より安定した通信環境を確保できる「マルチコネクション」

 公衆Wi-Fiサービスが使える場所が広がってきた今日この頃。パケット定額サービスなどで通信容量制限がかかっていることもあり、積極的にこのサービスを使っている方も少なくないだろう。しかし、Wi-Fiを常時オンにしていると、微弱な電波をつかんでしまい、結局通信できないでイライラ、なんていうことも少なくない。微弱な電波を無視する機能も付いているが、この場合、逆につなぎたいアクセスポイントに接続できない場合もあって、かえってイライラすることもある。

 そんなときにおすすめしたいのが、「マルチコネクション」機能だ。これは、Wi-Fiと3G/LTEを同時接続しておき、Wi-Fiの電波が微弱になってきたら自動的に3G/LTEの通信も行い、途切れることなく通信を継続することができる機能で、ドコモ向けARROWSでは初搭載となる。F-05Fでのマルチコネクションは、標準ブラウザアプリだけでなく、富士通が指定するアプリでも利用できるようになった。対応アプリは、富士通の「FMWORLD」(http://www.fmworld.net/product/phone/f-05f/)に掲載予定なのでチェックしておこう。

 電車で通勤・通学している場合、駅ではWi-Fiスポットにつながり、駅間では3G/LTEになってしまい、通信が途切れてイラっとすることがよくあるが、マルチコネクションを活用すればこのようなイライラは軽減できる。自宅のWi-Fiルーターなど、優先的にWi-Fi接続をしたい場合は、優先設定することもできる。

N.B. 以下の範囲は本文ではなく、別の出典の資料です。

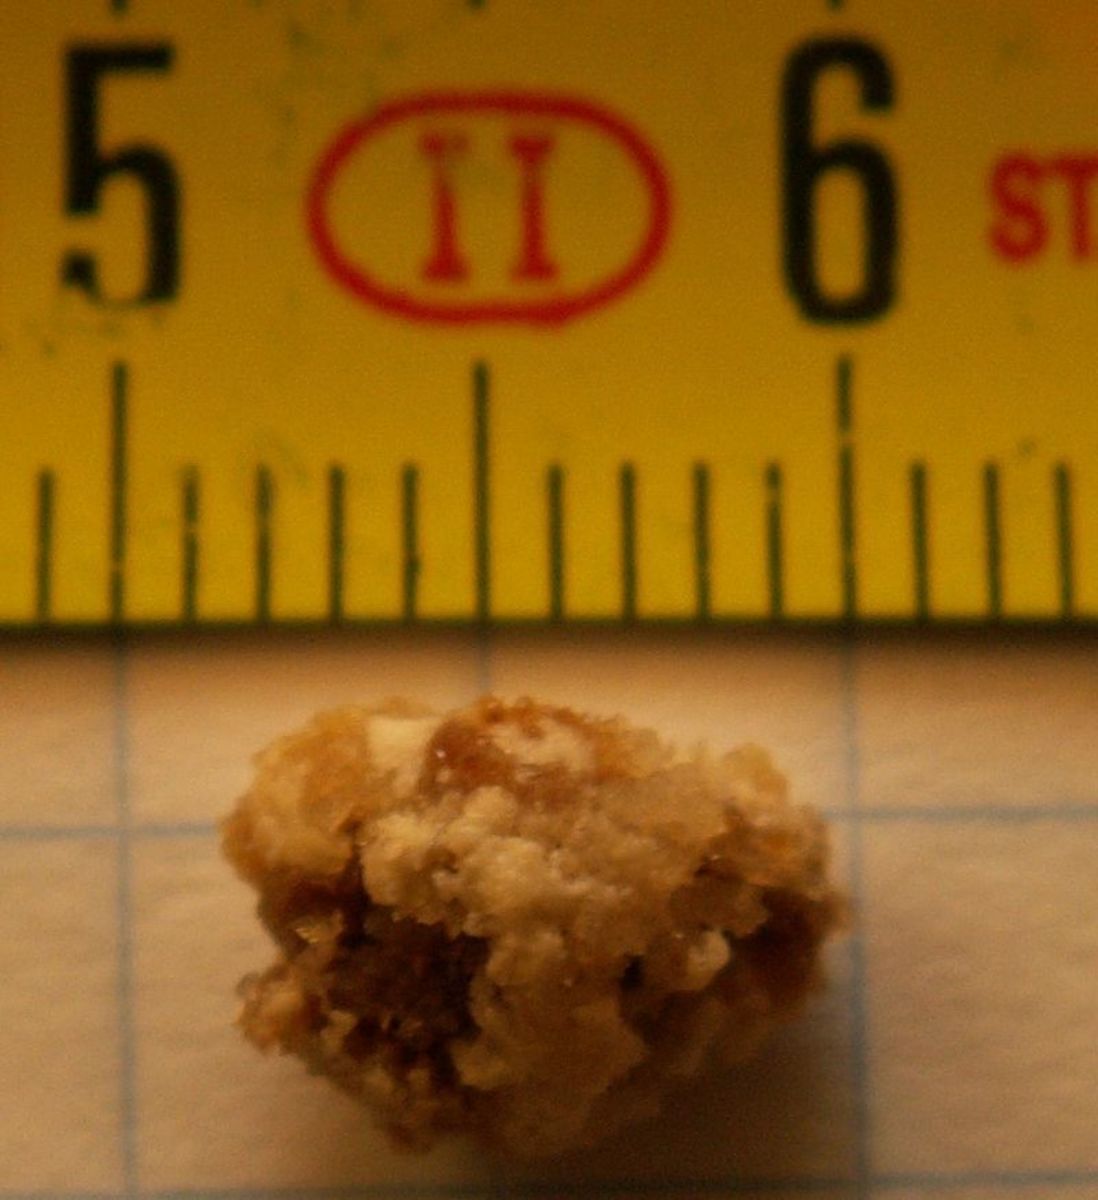 Alas, this is not Mel's beloved kidney stone, which has been long lost, but it is of the same 8mm size and approximate shape of his.

 ただし、マルチコネクションは性質上、Wi-Fi接続中もパケット通信が行われる場合がある。また、バッテリー持ちにも若干ではあるが影響がある。パケット量やバッテリー持ちを重視する方は留意しておきたい。

photophoto マルチコネクションはWi-Fi設定から有効にできる(写真=左)。マルチコネクションはWi-Fiを利用するほかの機能やVPNの利用中、海外ローミング中などは利用できない(写真=右)
photophoto マルチコネクション中はマルチコネクションアイコンと、Wi-Fi、3G/LTEの通信インジケーターの両方が表示される(写真=左)。なるべくWi-Fiを優先したいアクセスポイントは、明示的に指定することもできる(写真=右)

より便利になった「フルセグ」

photo 待望のアンテナが本体に内蔵された。別途アンテナケーブルを持ち歩かずに済むのは大きい

 日本で初めてフルセグ受信に対応して世に出た先代のF-06E。ワンセグよりハッキリクッキリ番組を楽しめるという点では大きな進歩だったのは間違いないが、外付けアンテナケーブルを視聴時に接続する必要があったり、フルセグの録画やデータ放送に対応していなかったりと使い勝手面で改善の余地があった。

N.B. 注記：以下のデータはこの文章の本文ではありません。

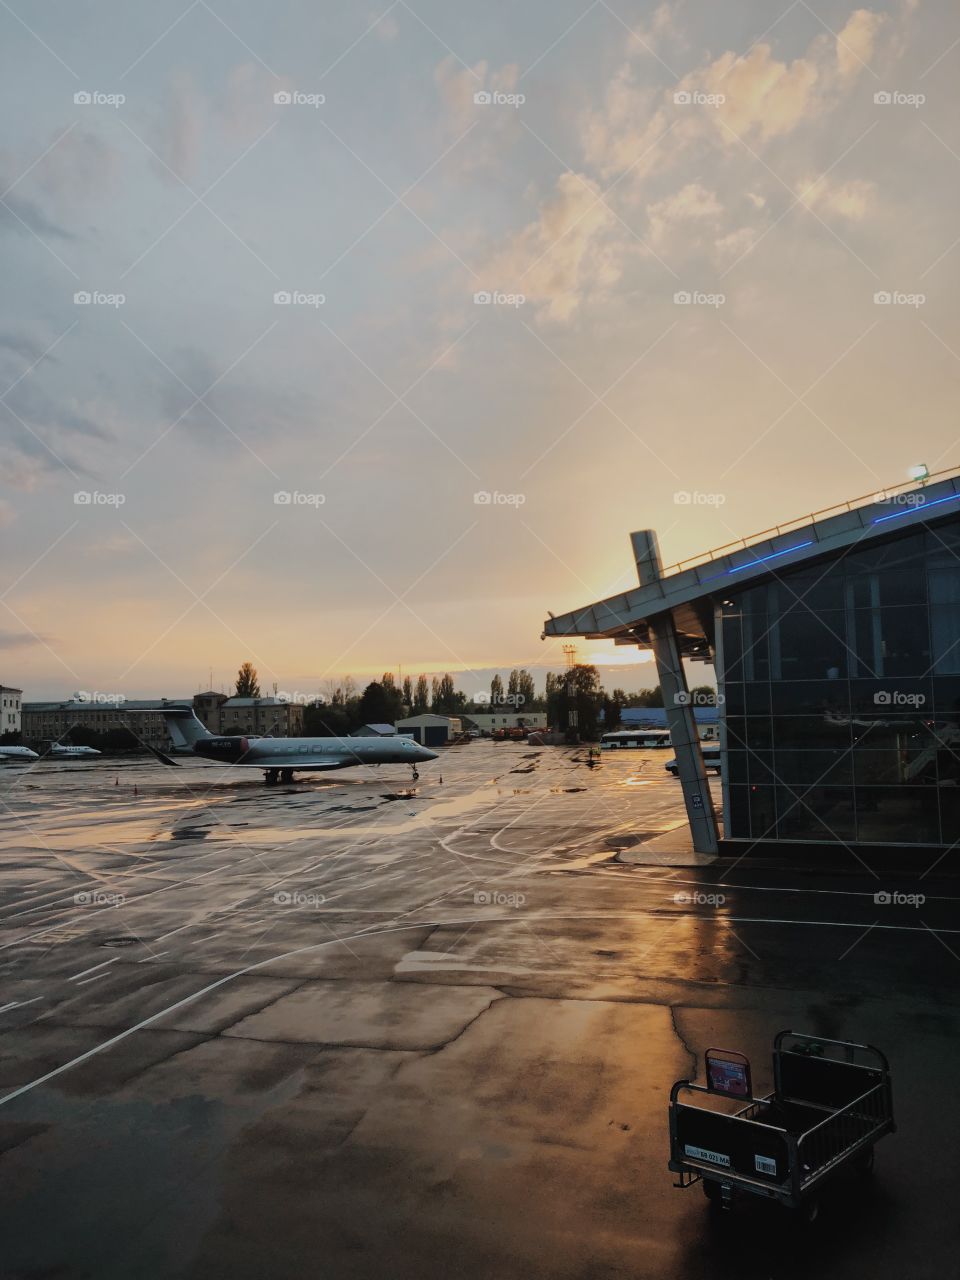 Sunset at the airport

 F-05Fでは、本体にテレビ用ホイップアンテナが搭載され、アンテナケーブルをぶら下げる必要がなくなった。また、テレビアプリも新バージョンとなり、フルセグのデータ放送の受信や録画にも対応した。外出先や帰宅時に、テレビで時間をつぶす、という使い方をしている方には歓迎すべき機能だろう。

photophoto フルセグでもデータ放送に対応し、双方向番組にモバイル環境で参加できる素地が整った(写真=左)。フルセグの録画にも対応したので、夜に録画しておいた番組を出勤・通学時に楽しむ、なんてこともできる(写真=右)

 今回は、ULTIASを中心に、F-05Fで新たに追加、改善された機能を中心に触れてきたが、“NX”が目指してきた安定性や使い勝手のよさはF-05Fでも当然引き継がれている。日本人がスマートフォンを使う上で、求められることを真剣に見つめて作られたこの機種は、使えば使うほど満足できるはずだ。気になる人は、ぜひ店頭で手にとって体感してほしい。